World Cup, Olympics & Brazilian Corruption

♠ Posted by Emmanuel in ,, at 11/27/2014 01:30:00 AM
Flying national colors is always a risk.
In normal circumstances, winning the rights to host either the World Cup or the Olympics would be cause for celebration in any country. Imagine, then, the plight of Brazil which is regretting having won both the 2014 World Cup and the 2016 Olympics! The winner's curse, indeed. The global situation has not exactly been helpful: the cooling of global growth--especially that of China and demand for commodities--hit Brazil hard as a major commodity exporter. There's now even talk of Brazil losing its investment-grade sovereign rating. You can probably say that matters have not been helped by the home team receiving a drubbing at home at the hands of the eventual World Cup champions Germany.

And speaking of the World Cup, this event famously elicited concerns about outsized expenditures on construction projects with limited use outside of sporting events. Ditto for the 2016 Olympics. At a time when Brazil is in recession or barely moving out of it, how can you justify such frivolity? This is always the challenge for developing countries hosting these sorts of "showcase" sporting events to make it known to the rest of the world that they've arrived. Now, though, the construction firms that have done well with all these mega sporting events have managed to embroil themselves into a national corruption scandal as if things weren't challenging enough.

Brazil's news media is all agog over the so-called "Operation Car Wash" [in English] scandal that involves the country's largest construction firms colluding to drive up bids during the awarding of construction-related projects for Petrobras, the state-owned energy giant. In turn, money is allegedly being kicked back by these construction companies to Petrobras executives and Brazilian politicians in the ruling Workers' Party [PT]:
A corruption probe in Brazil is raising questions about the need for closer oversight of projects being built for the 2016 Olympic Games, as the allegations are aimed at some of the nation’s largest construction firms. Authorities are investigating allegations that the companies formed a cartel to drive up the value of contracts with state-controlled energy giant Petróleo Brasileiro SA and paid bribes to the Petrobras executives and Brazilian politicians.

The prosecutors’ targets include Brazilian-based multinational construction companies Odebrecht, Queiroz Galvão and OAS, who together are partners in billions of dollars of contracts for the Games in Rio de Janeiro.
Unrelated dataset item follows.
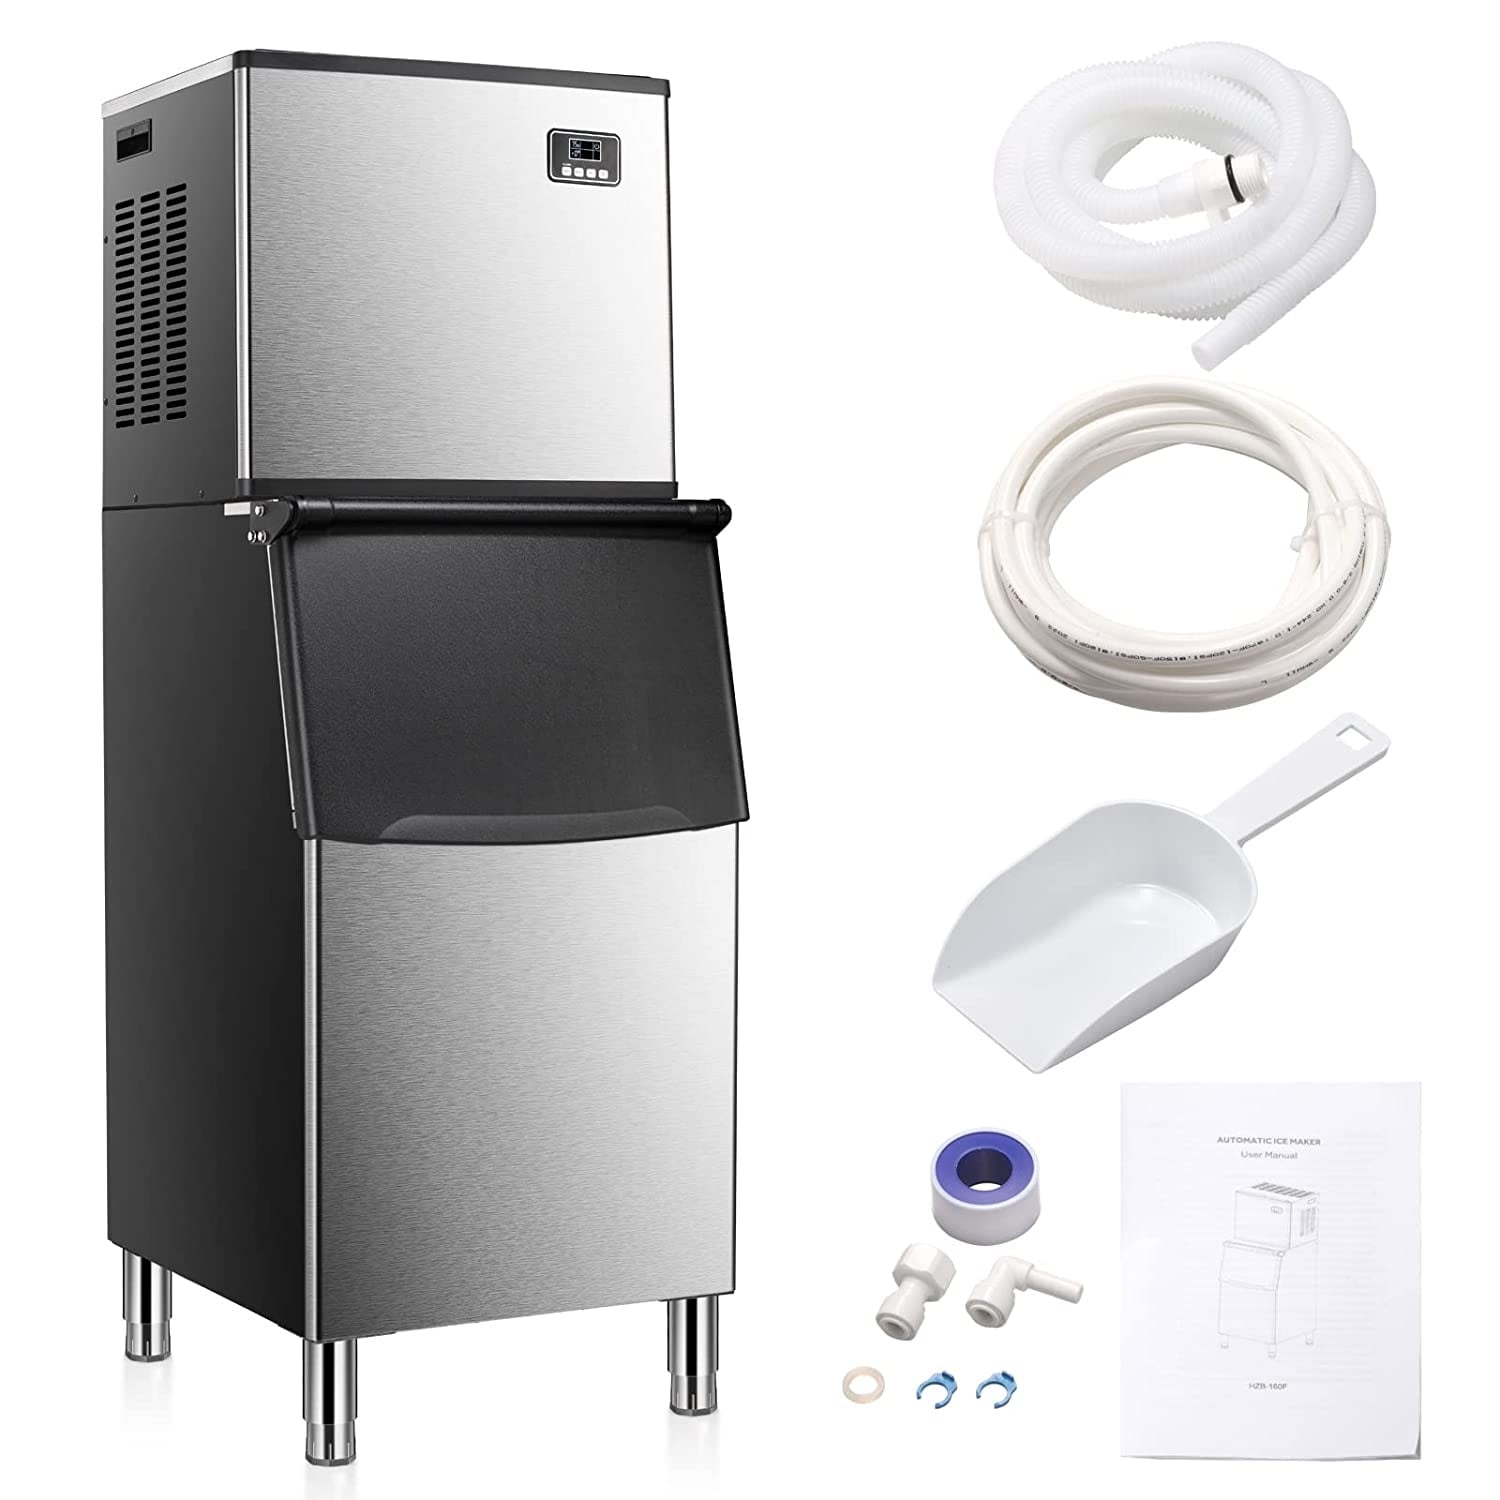 R.W.Flame Nugget Ice Maker Countertop,Portable Ice Maker Machine with –  R.W.FLAME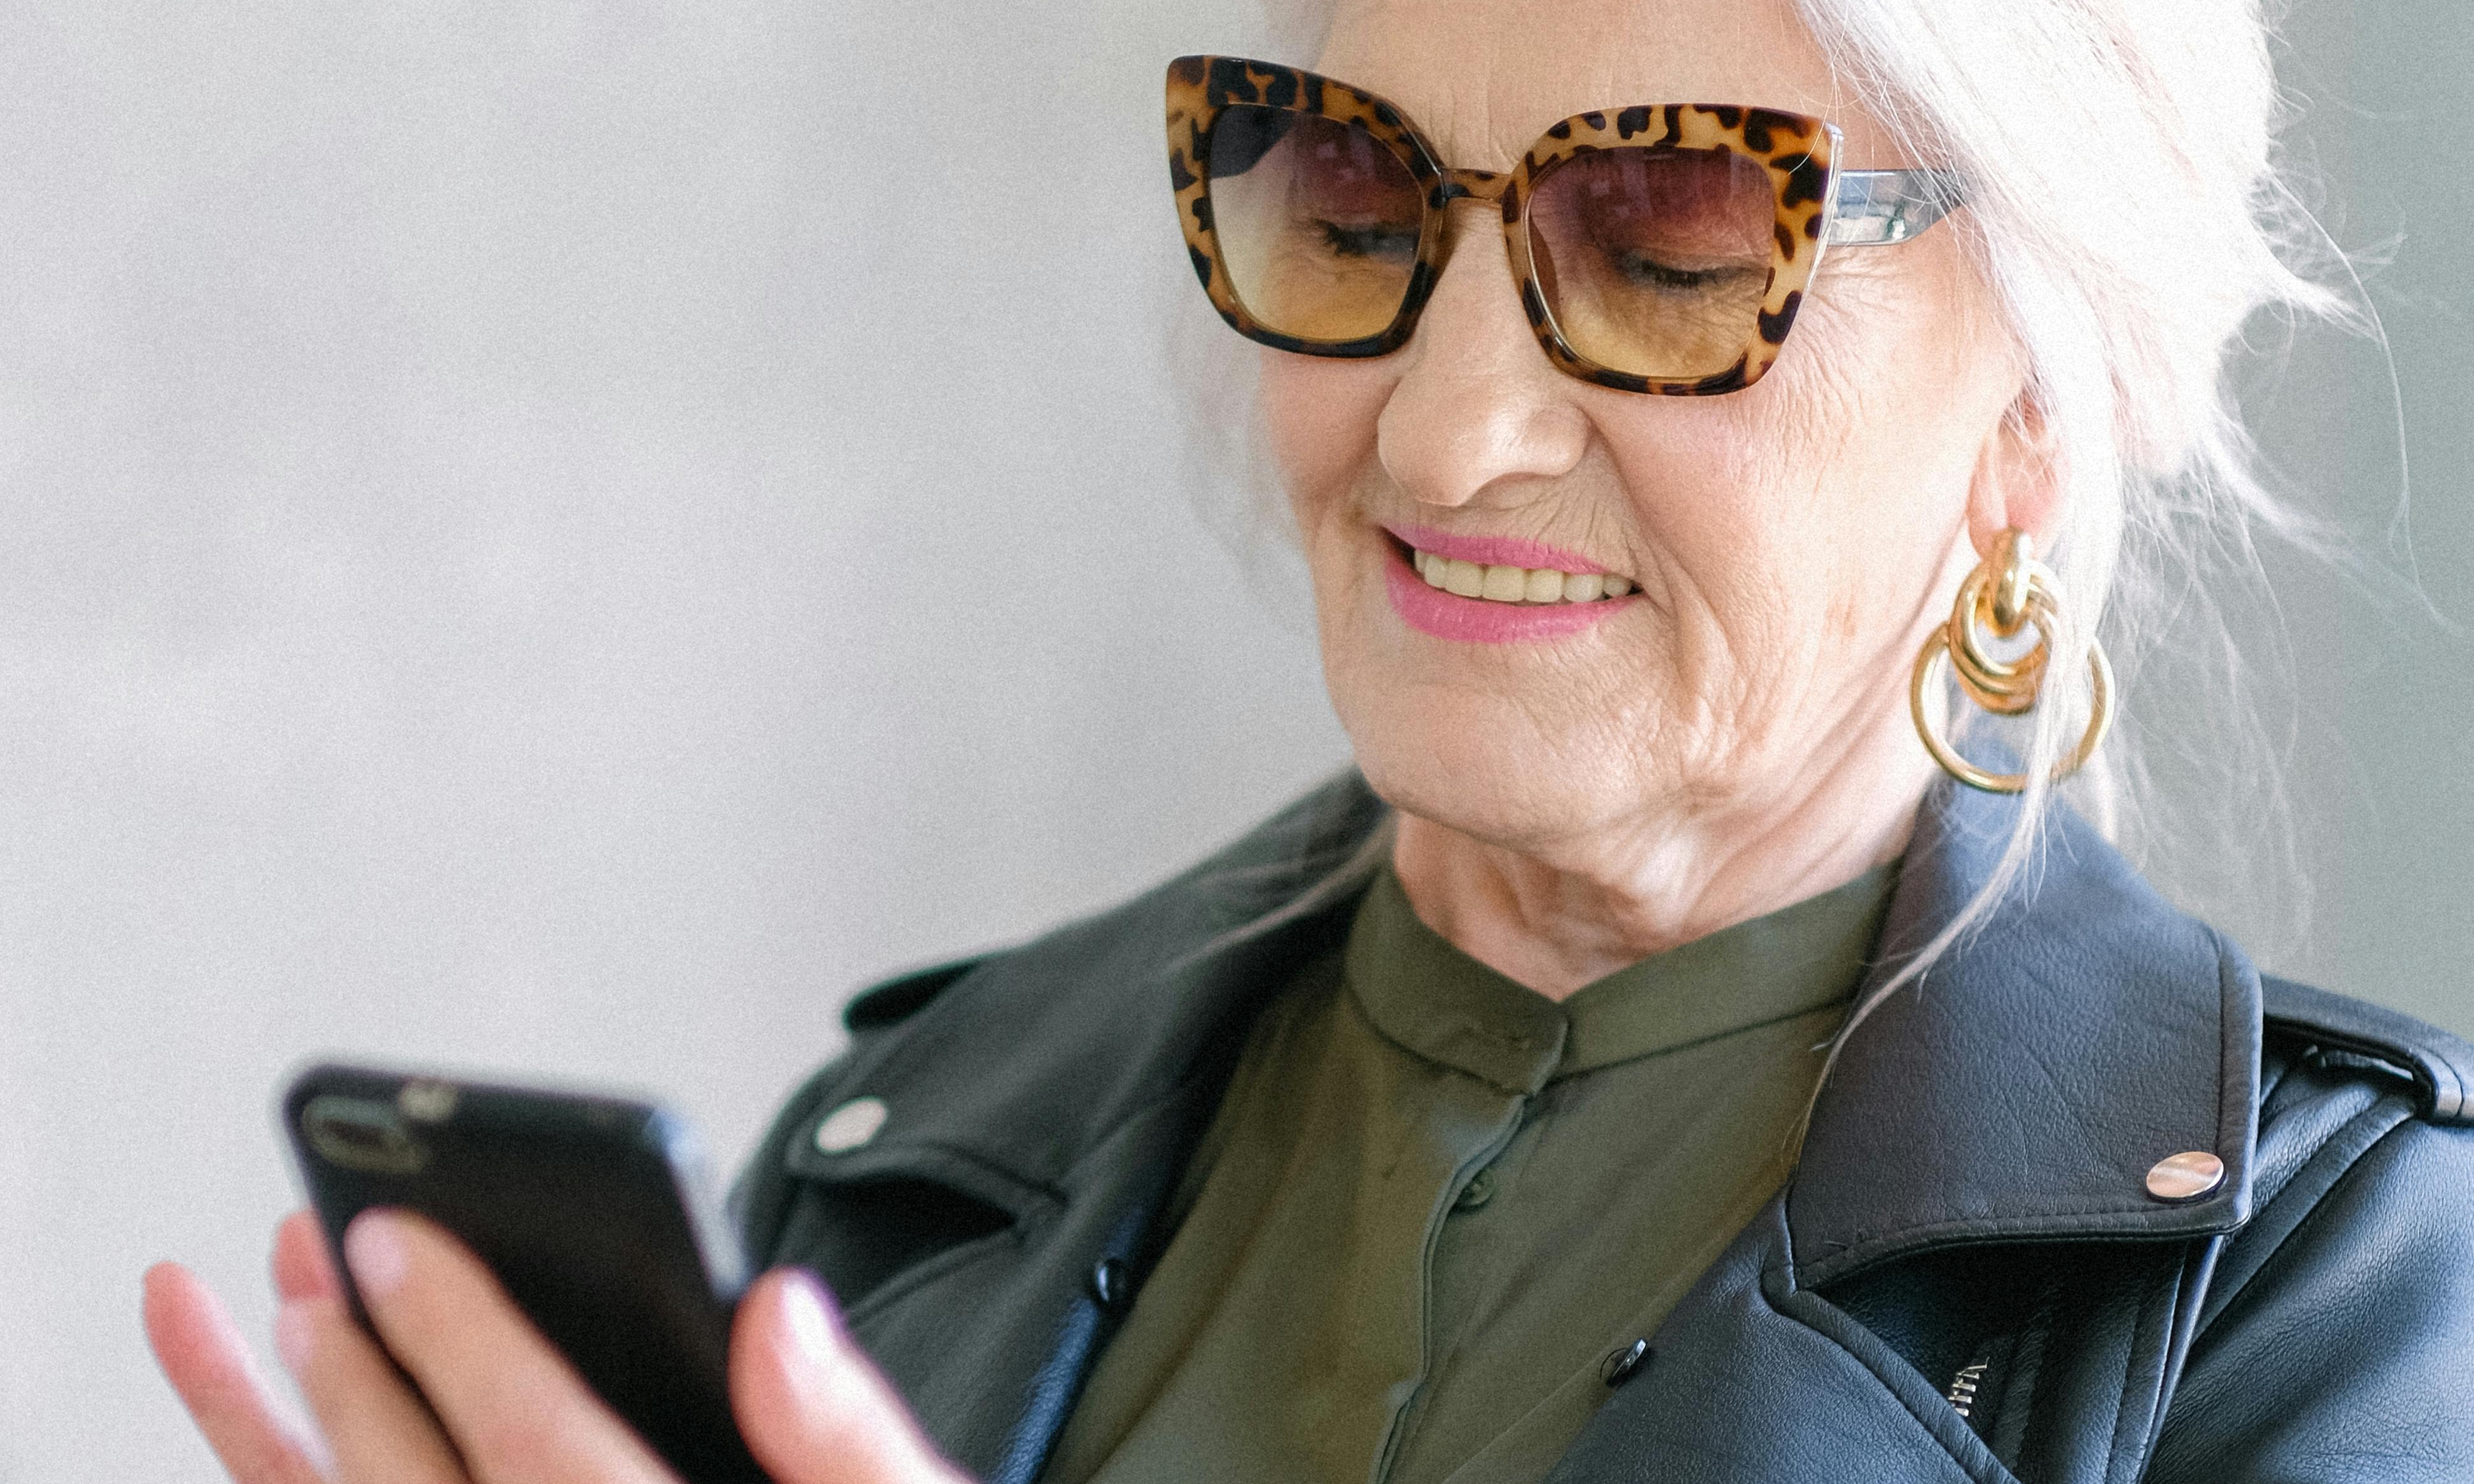 An elderly woman examines a cell phone screen | Source: Pexels

In the past week, the three companies had executives arrested, their headquarters raided by Federal Police, or both. No executive from the three companies has been charged.
Now, "corruption" and "Latin America" are no strangers to each other. What is especially galling though with these accusations is that they come at a time when Brazil wishes to improve its international image but has been brought back to this Banana Republic-ish state of affairs in which businesspeople and politicians wallow in their own filth. The upshot, however, as far as the upcoming Olympics are concerned, is this: Since all of the implicated construction companies are essentially building those 2016 event sites and their supporting infrastructure, is it realistic that the Brazilian government can discipline them? Strictly speaking, new anti-corruption laws would bar these construction firms, if found guilty, of receiving government contracts for two years. Meanwhile, many are saying "I told you so..."
The evidence that has emerged in the Petrobras investigation has reinforced what many in Brazil have long suspected about how builders do business. “I’ve been saying for years that the World Cup and Olympics together could become the biggest financial scandal in Brazilian history if they aren’t properly monitored,” said Alberto Murray Neto, a lawyer and former member-turned-critic of the Brazilian Olympic Committee. “Now, considering everything that has happened, I think these companies should be scrutinized all the more closely.”

Brazil’s construction companies, which are major donors to political campaigns, are frequently criticized for having cozy ties to the government. Their executives regularly appear alongside top politicians to inaugurate public works. “Brazil has a construction-industrial complex in the same way that the United States has a military-industrial complex,” said Christopher Gaffney, a professor at the Universidade Federal Fluminense, who has an academic focus on mega-events. He says the construction firms wield an outsize influence on public policy in Brazil. 
Brazil's "construction-industrial complex"! It's pretty hard to beat that pun, but it's instructive. Actually, my analogy from a developed world case would be that of systemically important money center American banks. Remember they were deemed "too big to fail" because of the damage they would incur on the US economy if closed down by financial regulators. In Brazil's case of a fast-growing nation with vast infrastructure needs, how do you discipline construction firms? It's a similar problem to that of confronting Americans banks since construction lies at the heart of this developing country's immediate concerns just as banks do in the highly financialized US economy.

Ultimately, I believe the Brazilian government--whose current leadership may be implicated anyway given President Dilma Rouseff's close ties with Petrobras as its board's chairwoman prior to becoming president--will eventually cut a deal with these construction companies to minimize the damage to (a) the time schedule of the upcoming Olympics, (b) the reputation of all parties concerned, and (c) the performance of Petrobras and these construction firms that are highly reliant on the state-owned giant.

At any rate, I do believe that foreign construction firms should be welcomed into bidding processes in Brazil as suggested to limit opportunities for...questionable dealings.